How about “variant”? Not trolling. Seriously. I can’t come up with anything better.

I’ve been assuming that these are additions to the platform tag, like you describe above:

I’ve been assuming that publishers should be able to define their own. In trying to cobble together some examples, I’m not so sure it makes sense. I have been tinkering with a few different use cases:

“accelerators” - this is the CUDA/ROCm/TPU use case. My assumption here is that users can specify one or more accelerator families to enable, and that they are not mutually exclusive.
“cpu” - the SIMD stuff that Oscar has described so well.
MPI - where implementations are mutually exclusive. Users must specify which implementation they want.
OpenMP - implementations are mutually exclusive, but users probably don’t need to specify which implementation they want. Instead, the first implementation installed should “win” and activate that variant, which would make it impossible to install a package built with other implementations.

In these use cases, I started out with a meta-selector for “accelerators” and then had selectors for CUDA version and arch. I don’t think that separation really makes sense. I think it makes sense to lump in CUDA, ROCm, TPU and whatever else into one logical unit that people collaborate on. Maybe I’ll regret that idea, but there’s also nothing stopping anyone from making their own selector.

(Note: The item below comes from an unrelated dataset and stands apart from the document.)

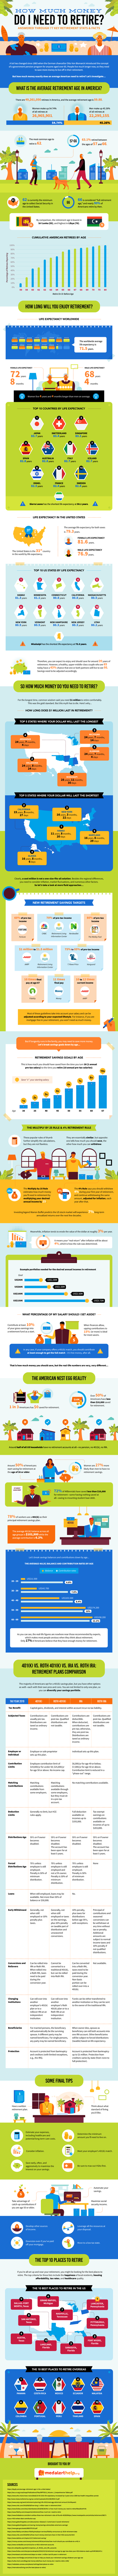 How Much Money Do I Need to Retire (Infographic)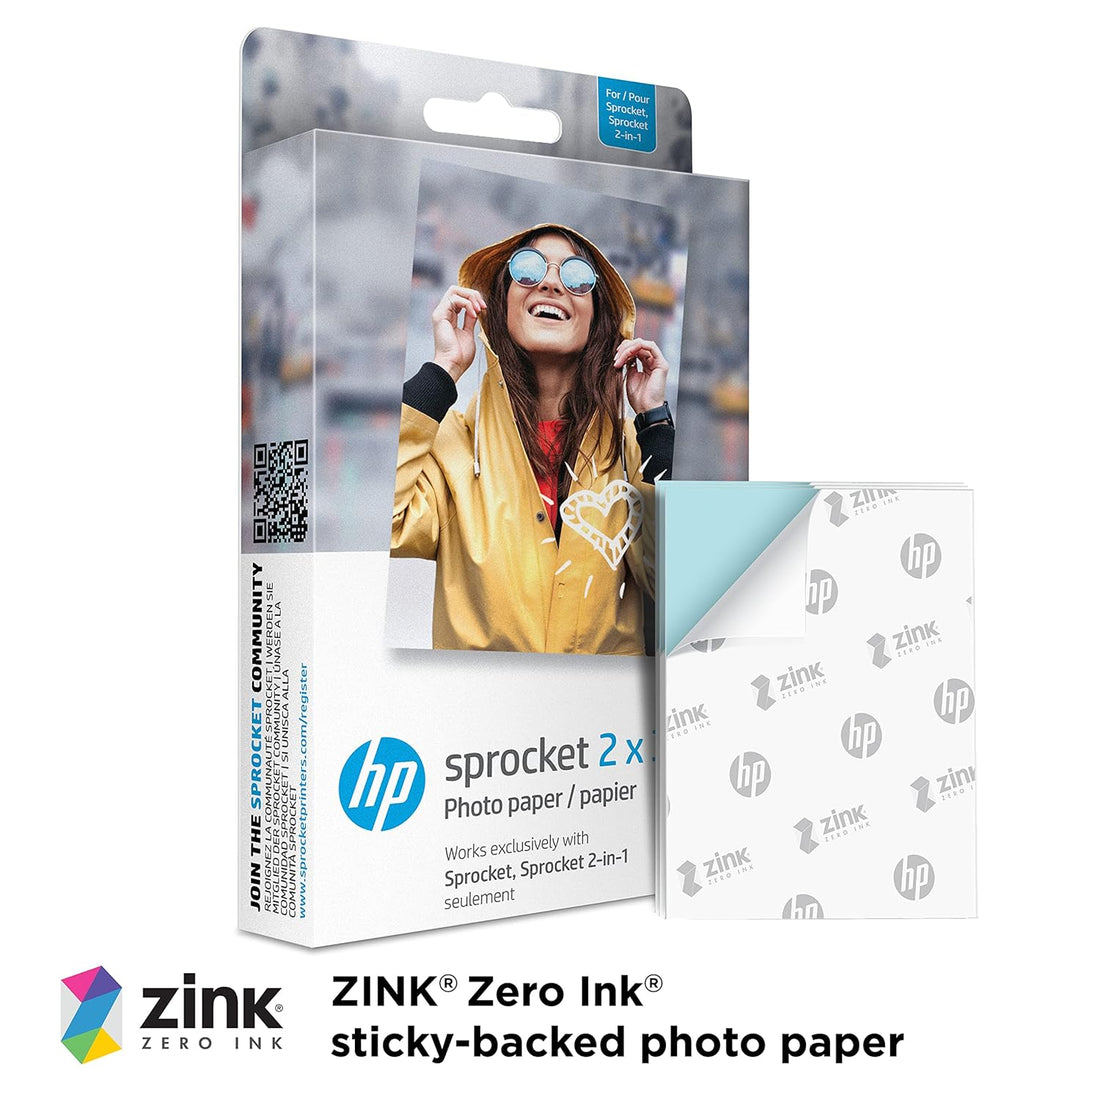 HP Sprocket Photo Paper for Sprocket Portable Photo Printer, (2x3-inch), Sticky-Backed 50 sheets

I think you mean some kind of advertisement of variants that are available across the collection of packages. Is that accurate? The installer workflow that I’ve had in mind goes something like:

Installer requests index metadata
index metadata contains list of variants (dimensions, axes, labels, whatever, NOT values).
Installer uses that list to initialize variant values from the system/environment
Installer uses variant values to create tag candidates

If variants are encoded in the system platform tags, I’m not sure this is relevant. There’s no such thing as depending on a variant (unlike what we have today with something like cudf-cu12).

As I mentioned above, I think there are several behaviors that we’d need to account for. I think these would need to be accounted for in the detection program, and as such, that detection program would need to be aware of the environment that it was running in.

I’m operating under the assumption that the core metadata file must be similar across all wheels. I expect that differences in requirements will have to be expressed with environment markers. That does seem to point to a need to extend the environment marker scheme so that it is also using information from the variant detector programs.

Users definitely should have ultimate overrides over anything, and I also think that overriding detected values will be a key part of package building. I was imagining the usual environment variable schemes, along with maybe entries in pip.conf or some new config, since the idea is to be independent of any single installer. This new config should be shared by any “detector program”

I don’t think there’s anything special here - locking tools can use the variant detector stuff the same as installers. There is potential for override, though, or for locking with some matrix of values, such that a lockfile might have many variants to choose from, and only one gets used when creating an environment with the lockfile. This is somewhat like the multi-platform lockfiles that conda-lock does.

Is an sdist available? If so, try to build it. If not, provide an error message that clearly states which package(s) did not have a matching set of variants, and also provide the current values for the variants.